TASK STATEMENT:
Return each line of the listing exactly, though without its images.

DATA SHOWN:
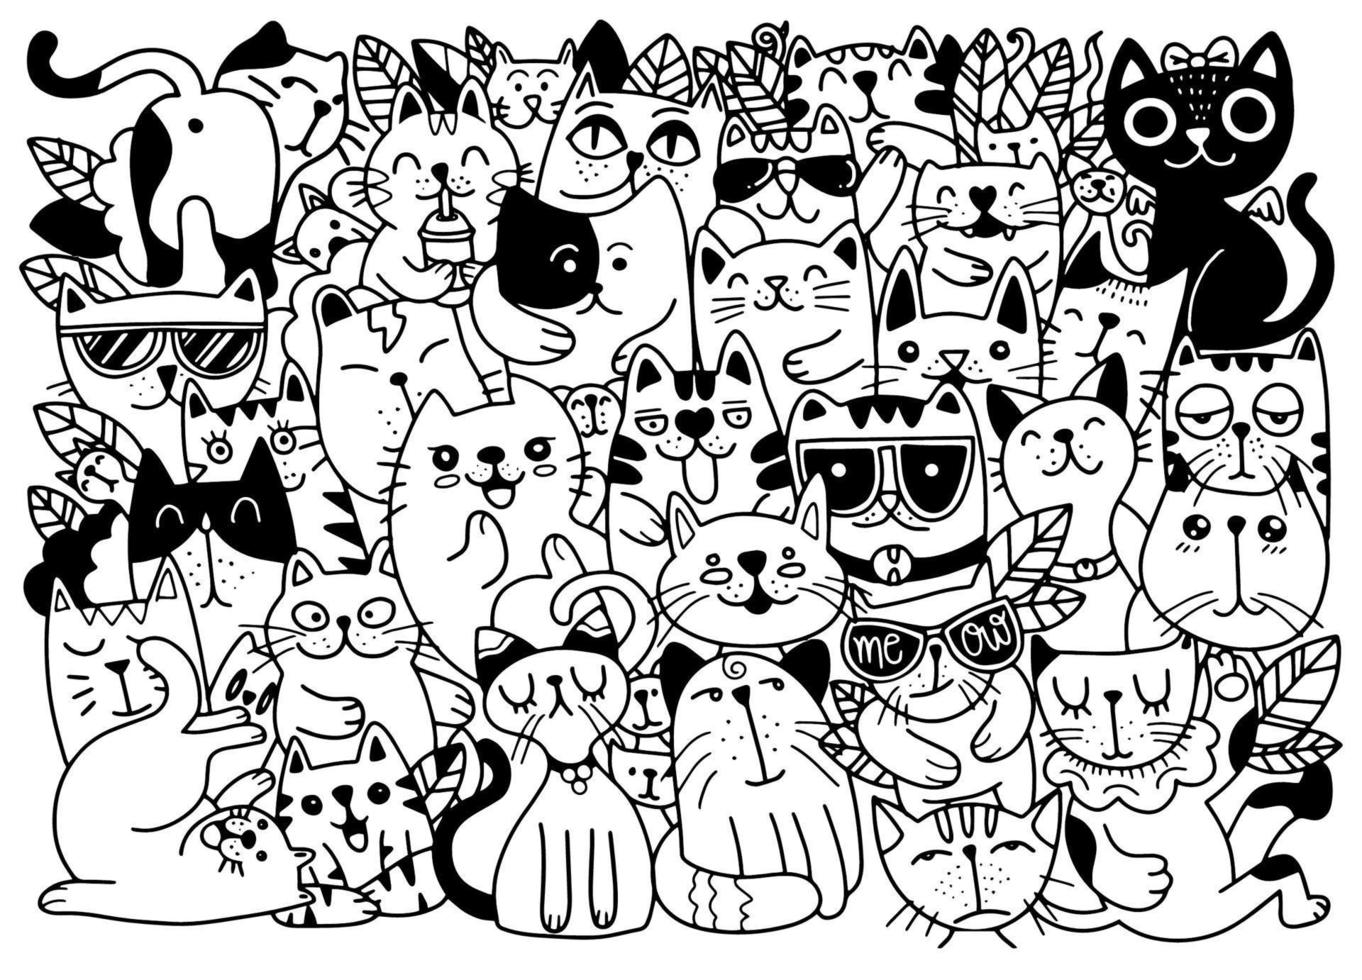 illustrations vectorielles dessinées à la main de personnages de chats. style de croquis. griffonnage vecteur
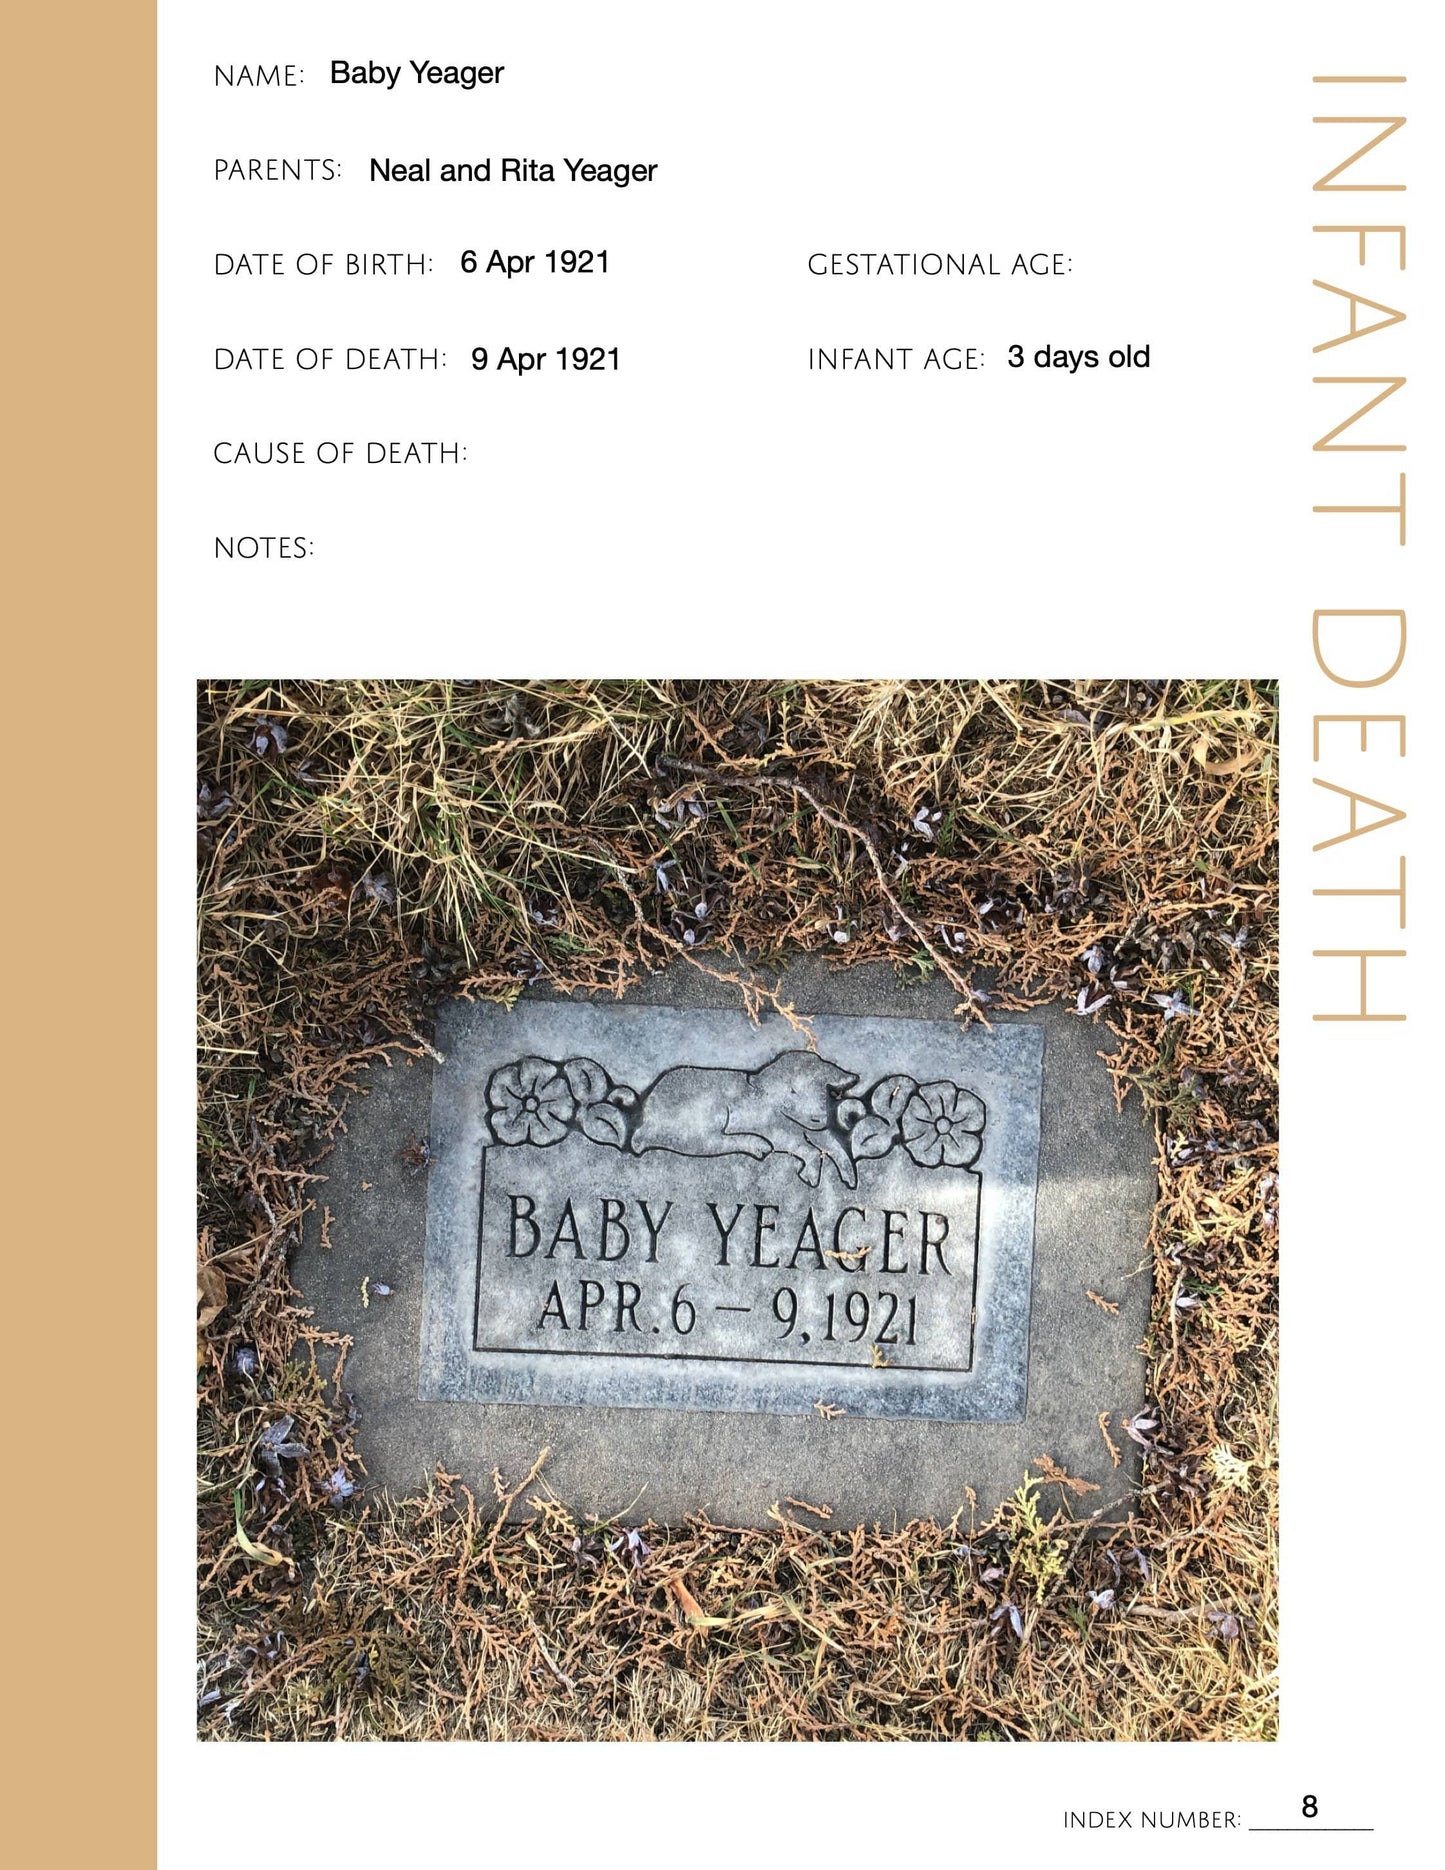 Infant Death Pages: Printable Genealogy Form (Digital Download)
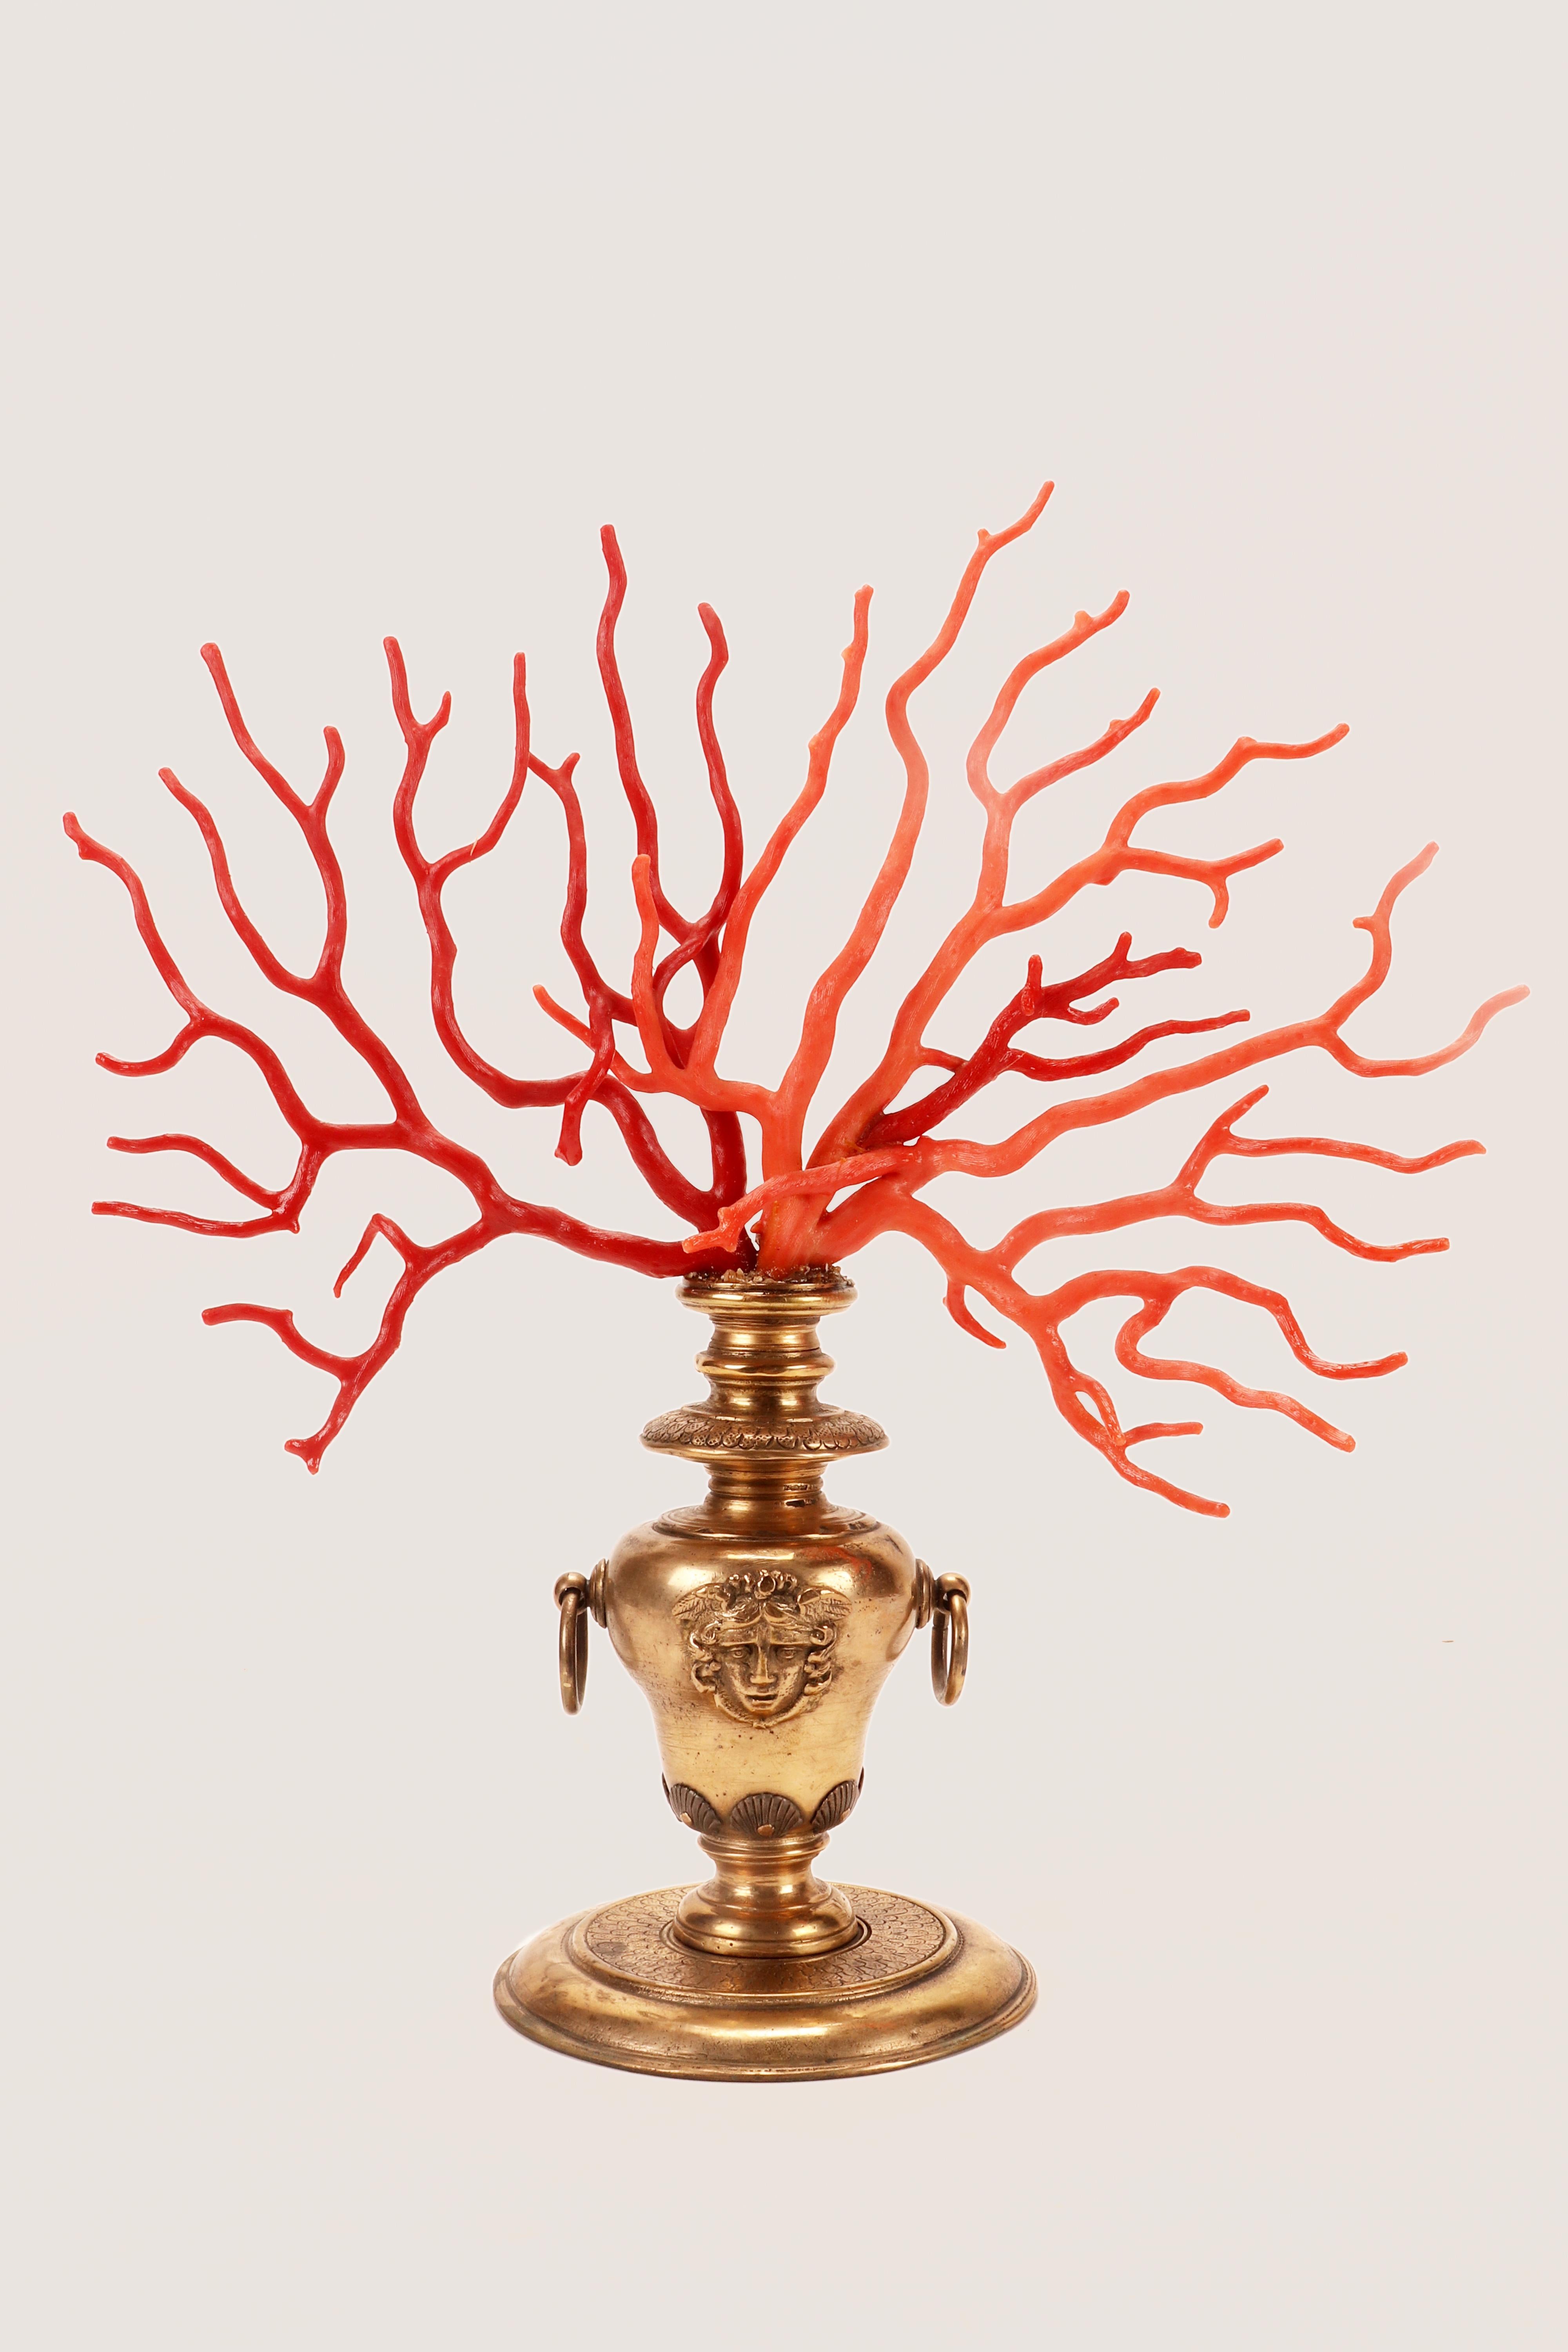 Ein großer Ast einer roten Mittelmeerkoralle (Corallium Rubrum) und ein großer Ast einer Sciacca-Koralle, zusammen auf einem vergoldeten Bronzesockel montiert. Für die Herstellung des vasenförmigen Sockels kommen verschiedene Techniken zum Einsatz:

ANSWER BOX:
 illustrations vectorielles dessinées à la main de personnages de chats. style de croquis. griffonnage vecteur
 Infant Death Pages: Printable Genealogy Form (Digital Download)
 Ein großer Ast einer roten Mittelmeerkoralle (Corallium Rubrum) und ein großer Ast einer Sciacca-Koralle, zusammen auf einem vergoldeten Bronzesockel montiert. Für die Herstellung des vasenförmigen Sockels kommen verschiedene Techniken zum Einsatz:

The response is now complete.